"Le tchékiste" de Vladimir Zazoubrine (Chtchepka / Щепка)

 

Le tchékiste (Chtchepka / Щепка)
Auteur : Vladimir Zazoubrine
Traduit du russe par Wladimir Berelowitch
Éditions : Christian Bourgois (9 Janvier 2025)
ISBN : 978-2267053579
192 pages

Quatrième de couverture

Dans une ville de Sibérie, un responsable de la Tchéka – la police du régime bolchevique – accomplit son « travail » de bourreau. Pour servir la Révolution, il participe jour après jour à l’atroce procédure des interrogatoires, des procès sommaires et des exécutions anonymes dans la pénombre d’arrière-cours. Le tchékiste a pour mission d’éliminer tout opposant, réel ou supposé. Il ne s’attend pas à ce que l’horreur le rattrape.

Mon avis

Vladimir Zazoubrine est un écrivain et journaliste russe sibérien né en 1895. Il adhère au parti socialiste et s’engage en 1917 dans l’Armée Rouge. Il a été l’un des écrivains préférés de Staline mais il a dénoncé la destruction de l’environnement naturel par la politique d’industrialisation soviétique ainsi que la Révolution et ça n’a pas plus. Arrêté sans jugement au cours des Grandes Purges, il est mort fusillé en 1937 et n’a été réhabilité qu’en 1956, après la mort de Staline.
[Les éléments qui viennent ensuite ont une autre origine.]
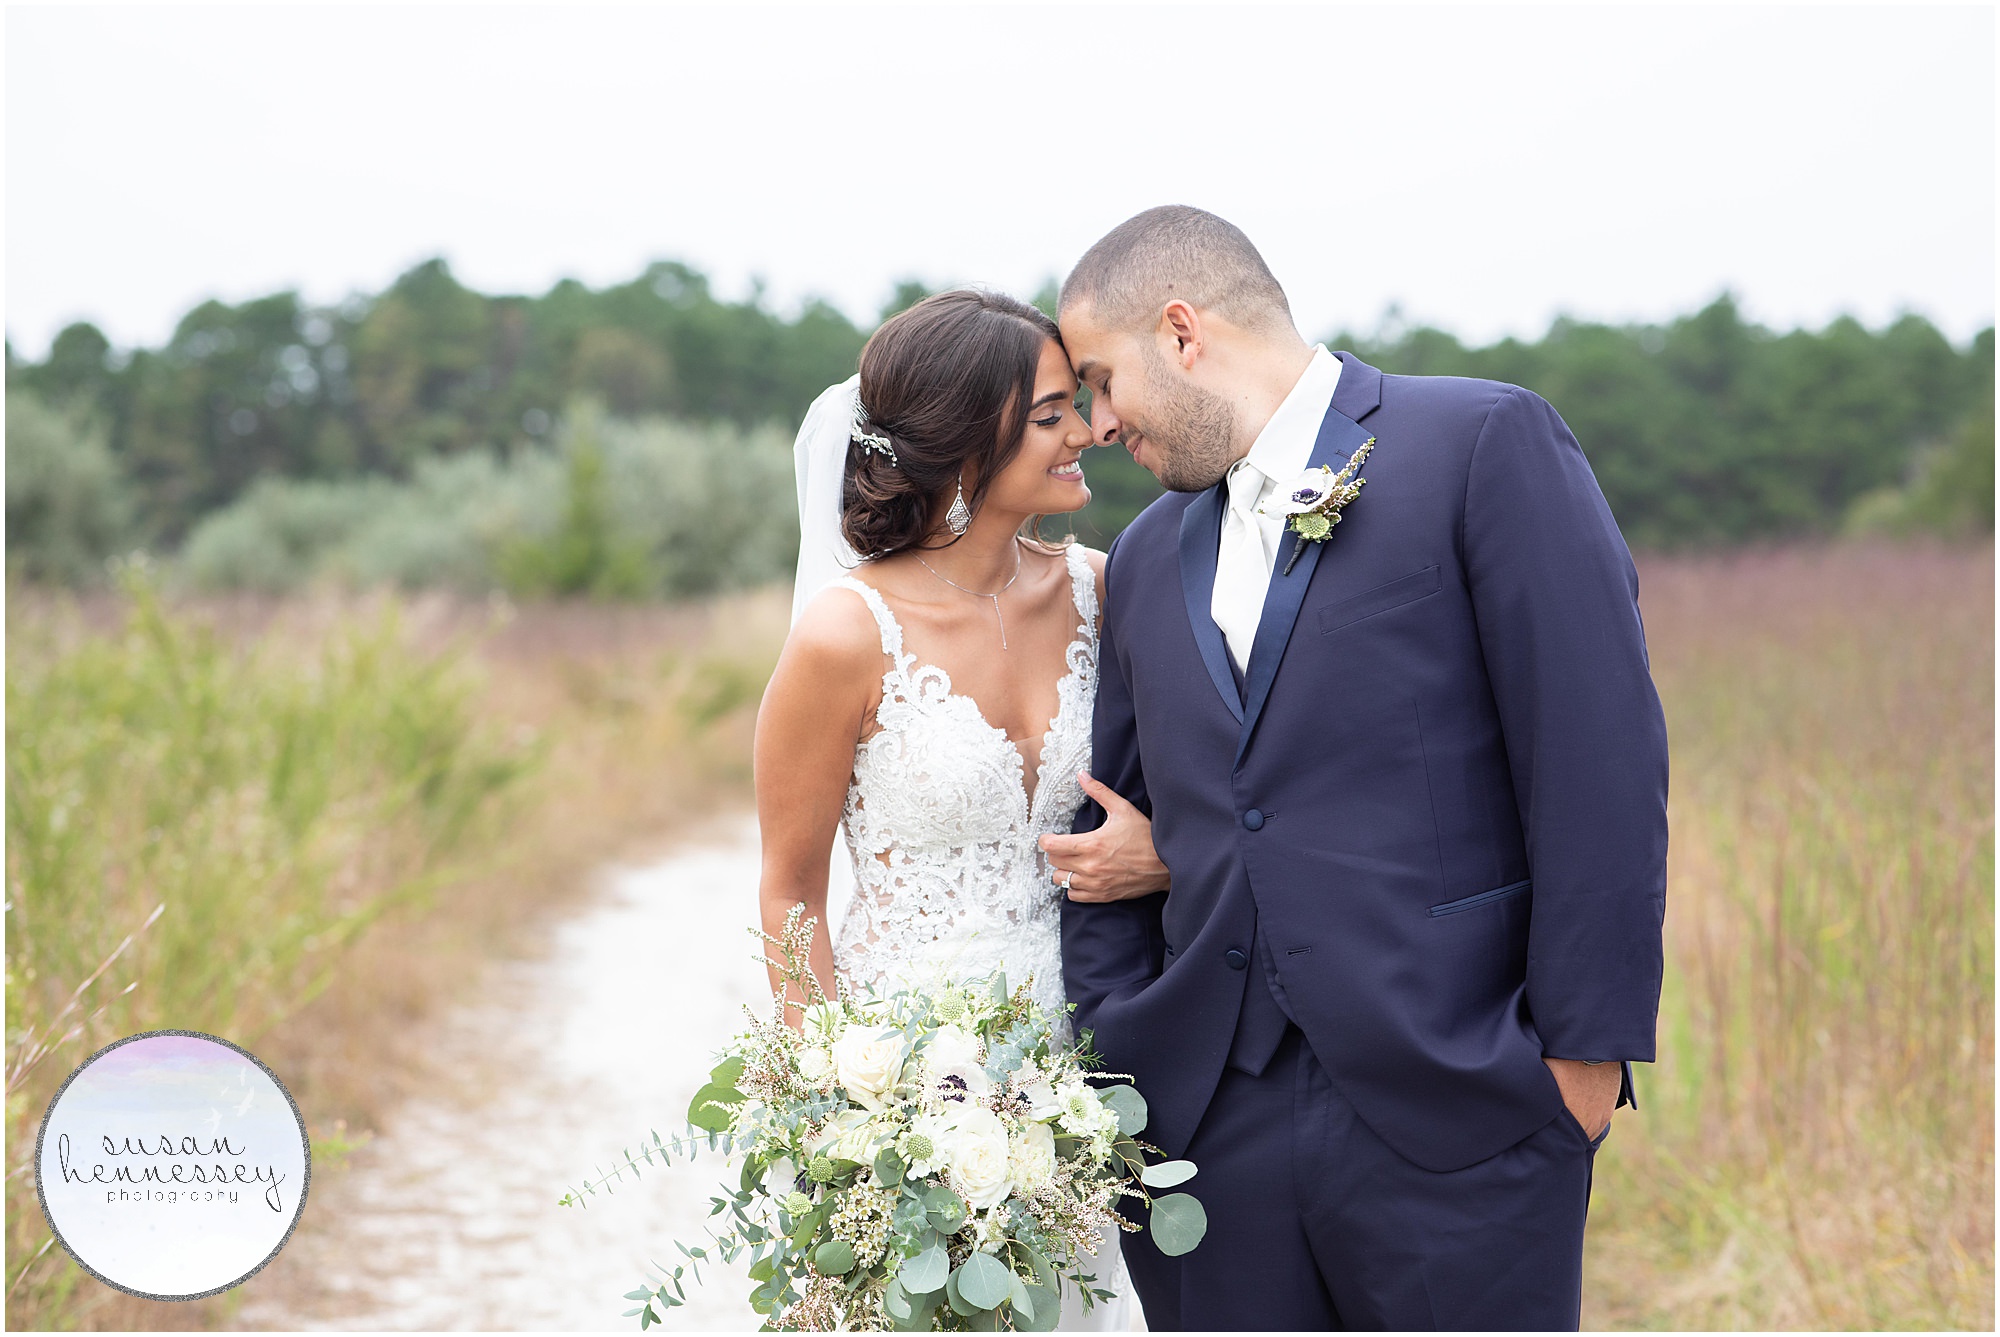 Susan Hennessey Photography is a South Jersey wedding photographer who captured this stunning Renault Winery wedding

Ce court mais percutant roman écrit en 1923, a été censuré pendant longtemps. Il raconte l’histoire d’un « bourreau » de la Tchéka, la police politique chargée de combattre les ennemis du régime bolchévique. Le texte est une « claque » littéraire. Saisissant de réalisme, dévoilant l’horreur des exécutions, montrant le cynisme des exécutants, il donne des hauts le cœur, il prend aux tripes. C’est cru, violent, on est au cœur de l’action, les descriptions font appel à tous nos sens et on frissonne, le cœur en vrac.

Quand on découvre le ressenti du tortionnaire, on tremble. Pour le bourreau, le sang coule et c’est « normal », c’est son boulot. Il se doit d’agir pour Elle (avec une majuscule), cette Révolution à laquelle il est dévoué, il procède ainsi parce qu’il pense que c’est ce qu’il faut faire. Il adhère à ses idées, il les comprend, les accepte, les assume, comme si « Elle » le guidait.
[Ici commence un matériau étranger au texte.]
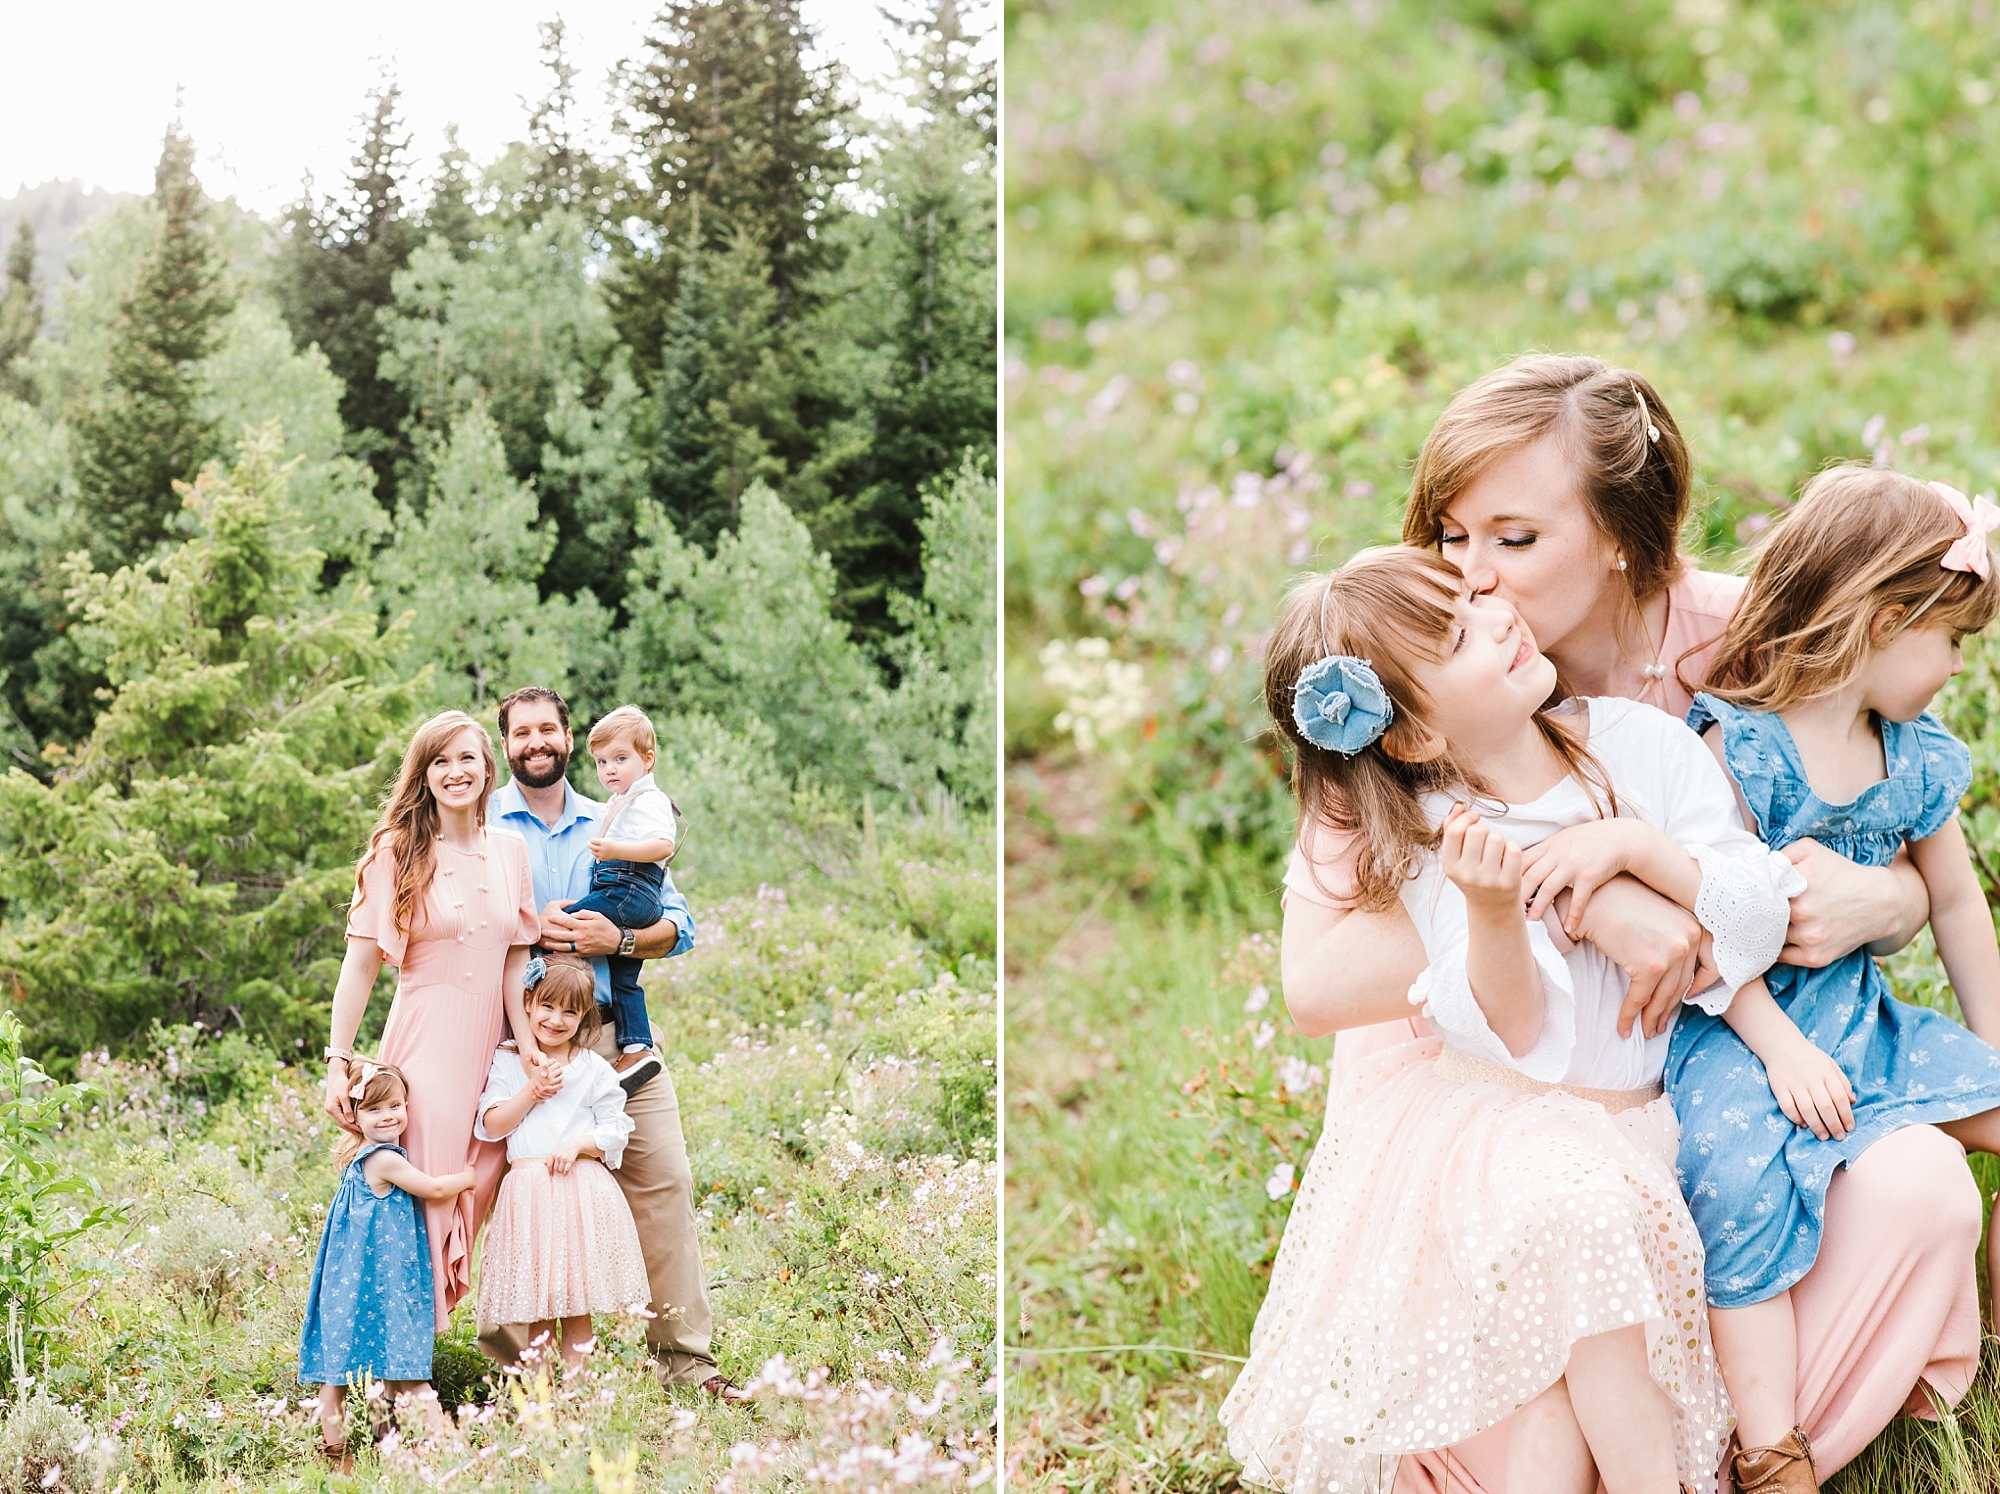 Soft pink, white, and tan with a pop of blue make a perfect color palette for your upcoming summer family session.

« Or, il servait la Révolution consciencieusement, avec bonne volonté, comme il aurait servi un bon patron. Il ne tirait pas, il travaillait. »
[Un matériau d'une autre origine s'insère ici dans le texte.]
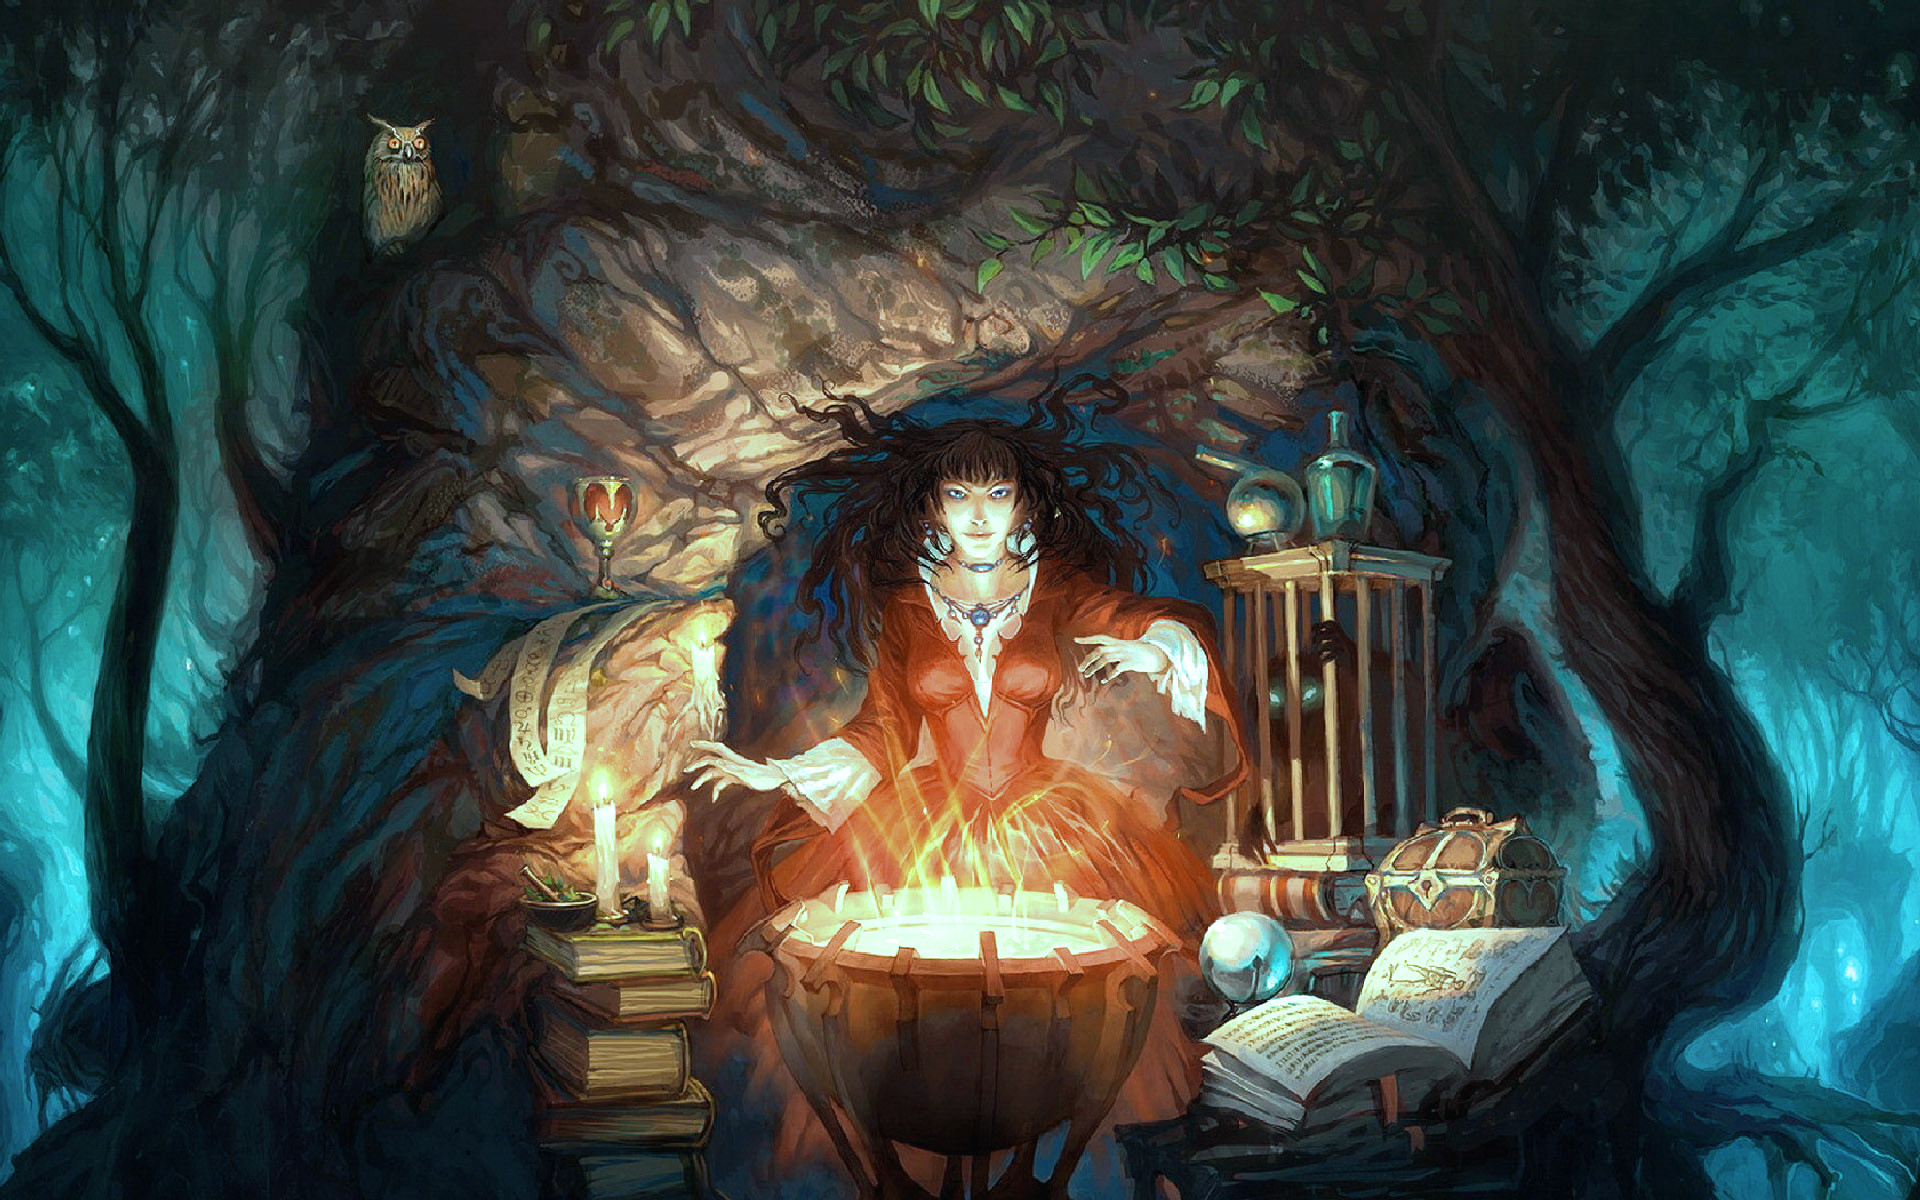 1920x1200 witch_occult_wiccan_wicca_cauldron_fire_flames_magic_book_spell_book_trees_forest_cg_digital_art_artistic_forest_detail_dark_halloween_fantasy_

Il s’habitue à tuer, il ne voit plus les visages. Est-ce que c’est une façon pour lui de se protéger ? De refuser de voir la vérité ? De se boucher les yeux ? Mais les sons des supplications, les pleurs, les gémissements sont toujours là, il ne peut pas y échapper…

Parfois, il est moins à l’aise, il cherche des justifications à ses actions. Il se questionne sur la présence d’une âme ou pas dans le souffle de ceux qu’il fait disparaître. Il ne doit rien montrer de ses émotions mais la nuit les cauchemars sont bien là preuve que ce qu’il vit l’interpelle. La machine à broyer, à tuer, est terrible, elle ne laisse aucun répit, elle avance implacable et il l’accompagne. Chez lui, son métier gêne son épouse et son fils qui se demandent qui il est devenu ? N’a-t-il pas banalisé ce qu’il fait ? Au nom de quoi ?

Et puis, il y a « Elle ». La Révolution, un « personnage » à part entière. La maîtresse qu’on veut satisfaire, qu’on aime et qu’on vénère. Elle est exigeante et demande à être « nourrie ». Lorsque l’auteur en parle, il la personnifie. Elle « imprègne » le récit.

L’écriture (merci au traducteur) est dure, tranchante, le style vif. Il y a du rythme et ça fait mal car on ne souffle pas On prend tout en pleine face. C’est douloureux car, même s’il s’agit d’un roman, on sait très bien que la réalité a ressemblé et ressemble encore quelques fois (trop de fois !) à ce qu’on lit.

Une longue et intéressante postface apporte un excellent complément à cette lecture que je n’oublierai pas.